No wonder you haven't been sleeping.

Yeah, that is it. That is why. I have been trying not to think about it, but it's clouding my mind more and more each day. Man up. Man the fuck up. Just do it. Imagine just how sweet it will feel. Once you do it just clean yourself up and sleep peacefully. Enjoy your dreams once again.

I take a deep breath, let it out and reach out to open the drawer. Pulling it out slowly, I reach in and grasp the handle. It feels cool against my paw and a lot heavier than it should. My uncertainty is about to take over, but I won't let it. Not this time. I want to sleep again. I need to sleep. Sleep.
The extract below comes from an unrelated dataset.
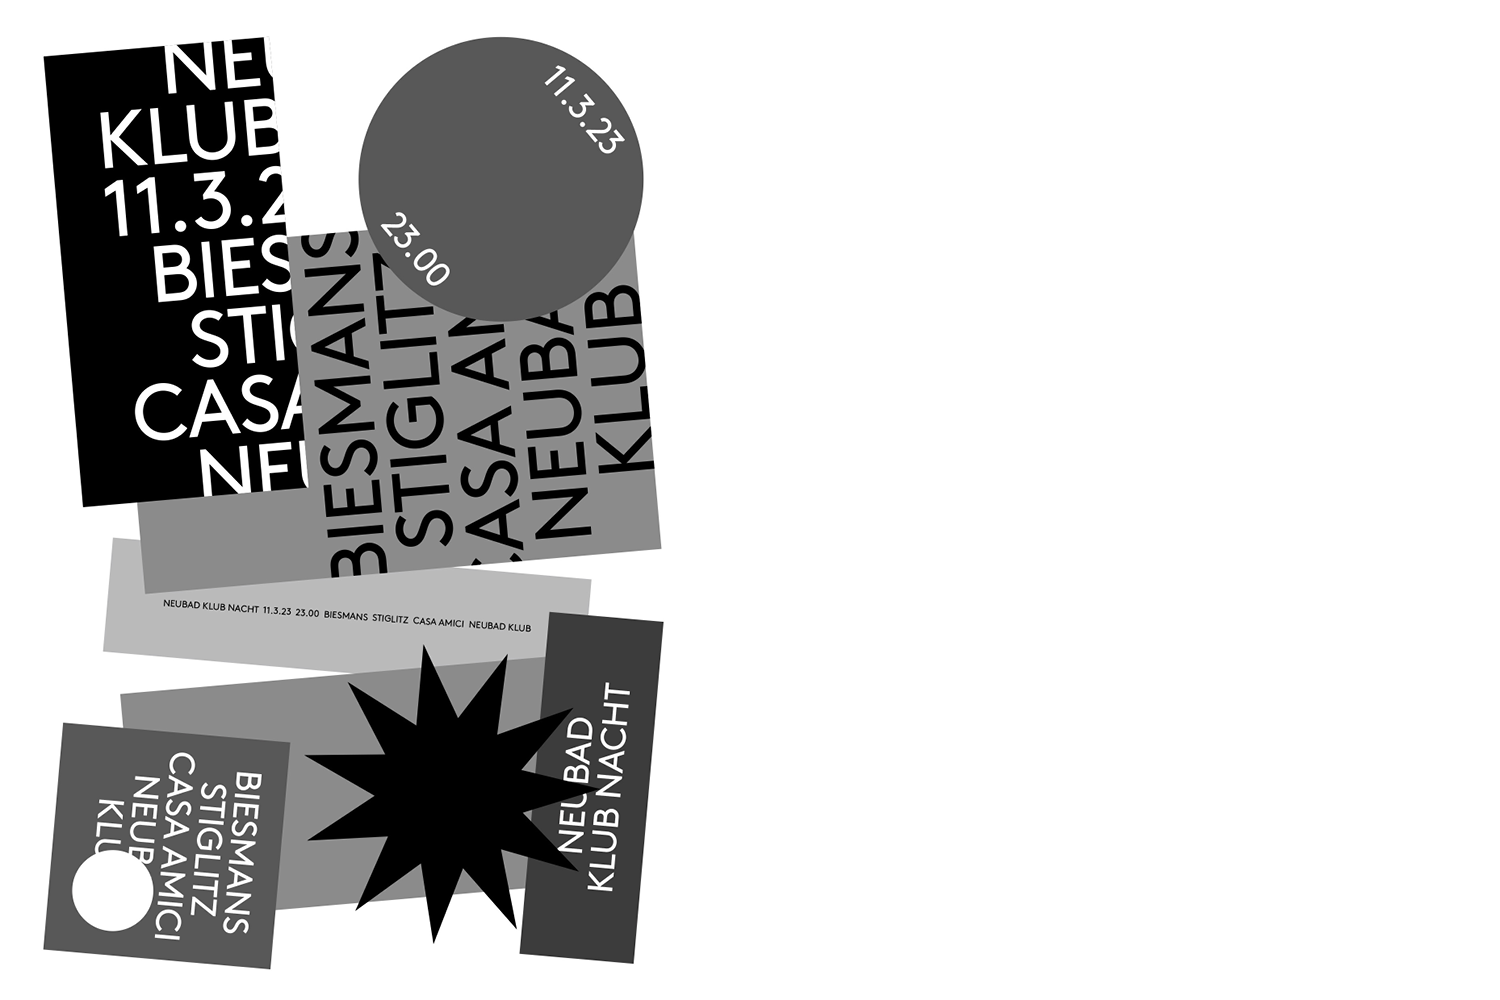 Plakat für die Klubnacht mit Biesmans, Stiglitz und Casa Amici. Darauf sind Rechtecke, Kreise und ein Stern in verschiedenen Grautönen und Schwarz zu sehen.

The excitement of it all gives me an adrenaline rush. I feel like I'm about to cum, but I don't. I want to feel it all. The maximum intensity. Every last swipe.

Gripping my cock, the darkness having completely overwhelmed me, I press the sharp blade of the knife against the base of my cock and begin to saw it back and forth. Every synapse fire off at once, causing me to nearly pass out. I held on though and just as the last bit of meat separated from my body, I felt it. Just like they said it would feel. 10x more intense. I'd easily go 20.

Blood was leaking onto the bed, but it would stop eventually. Hopefully it wouldn't put me into a permanent sleep, I really doubt it would. There were no more worries in my head and suddenly I could feel my eyes grow heavy. A sense of satisfaction and completion that weren't there before took me and snuggled me into its warm embrace. And with that satisfaction, that intrusive piece no longer part of me, no longer holding me down, no longer keeping me up at night, I drifted off to sleep. And my dreams? They were beautiful.